Summary

8.7. Summary

Data wrangling is an essential part of data analysis. Without it, we risk overlooking problems in data that can have major consequences for future analysis. This chapter covered an important first step in data wrangling: reading data from a plain text source file into a python DataFrame and identify its granularity. We introduced different types of file formats and encodings, and we wrote code that can read data from these formats. We checked the size of source files and considered alternative tools for working with large datasets.

We also introduced command-line tools as an alternative to Python for checking the format, encoding, and size of a file. These CLI tools are especially handy for filesystem-oriented tasks because of their simple syntax. We’ve only touched the surface of what CLI tools can do. In practice, the shell is capable of sophisticated data processing and is well worth learning.

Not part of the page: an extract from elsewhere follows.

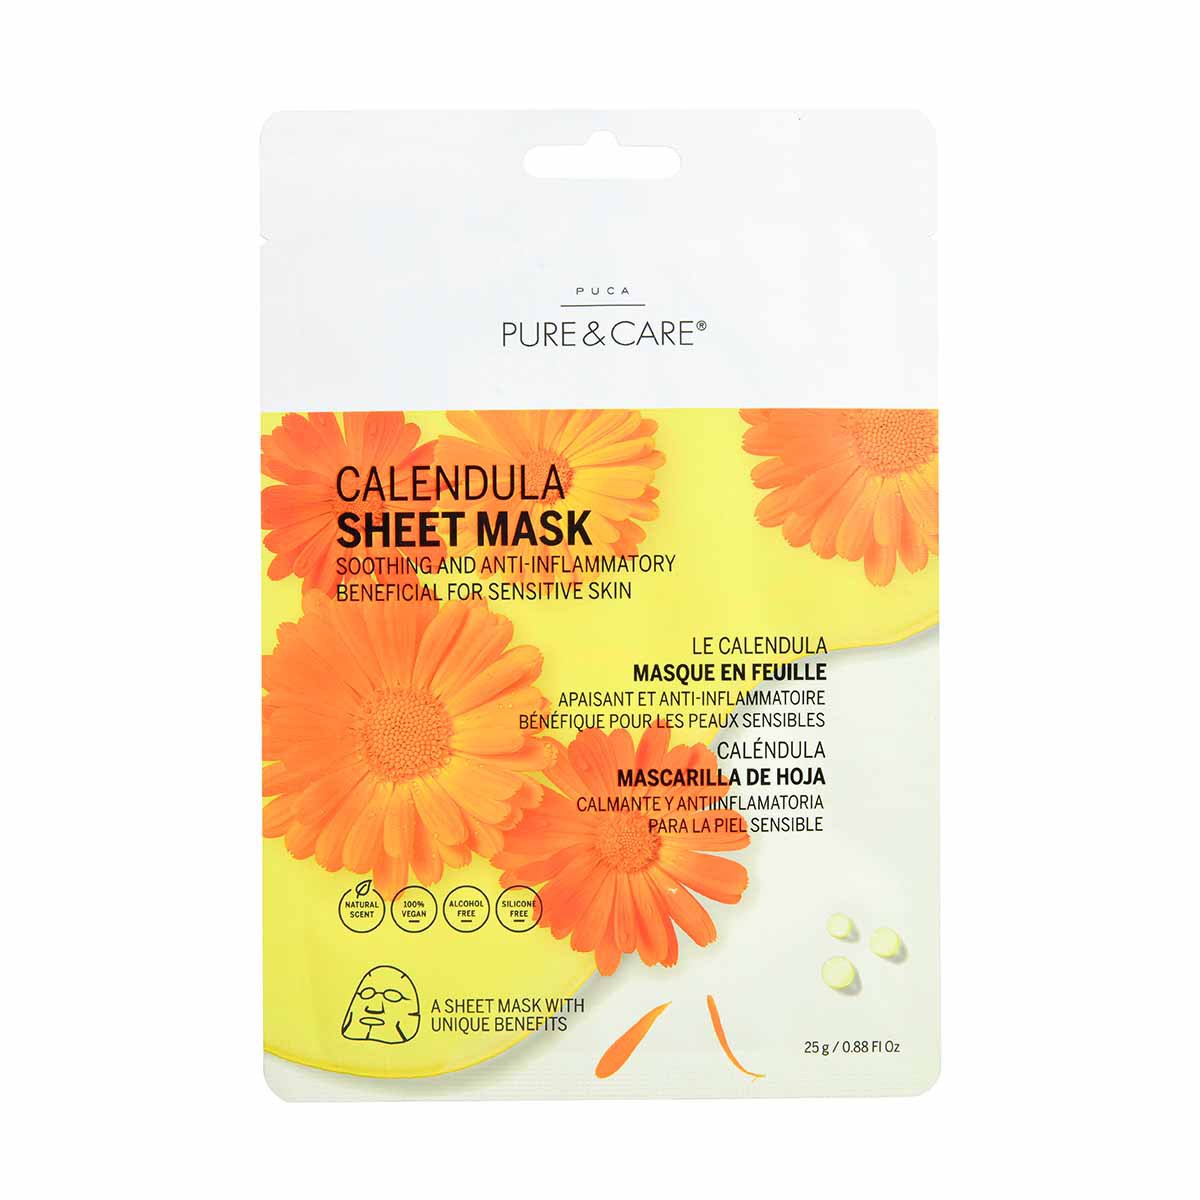 Calendula Sheet Mask for sensitive skin I PUCA - PURE & CARE

Understanding the shape and granularity of a table gives us insight into what a row in a data table represents. This helps us determine whether the granularity is mixed, aggregation is needed, or weights are required. After looking at the granularity of your dataset, you should have answers to the following questions.

  • What does a record represent?

  • Do all records in a table capture granularity at the same level? Sometimes a table contains additional summary rows that have a different granularity.

  • If the data are aggregated, how was the aggregation performed? Summing and averaging are common types of aggregation.

  • What kinds of aggregations might you perform on the data? Aggregations might be useful or necessary to combine on data table with another.

Knowing your table’s granularity is a first step to cleaning your data, and it informs you of how to analyze the data. For example, we saw the granularity of the DAWN survey is an ER visit. That naturally leads us to think about comparisons of patient demographics to the US as a whole.

The wrangling techniques in this chapter help us bring data from a source file into a data frame and understand its structure. Once we have a data frame, further wrangling is needed to assess and improve quality and prepare the data for analysis. We cover these topics in the next chapter.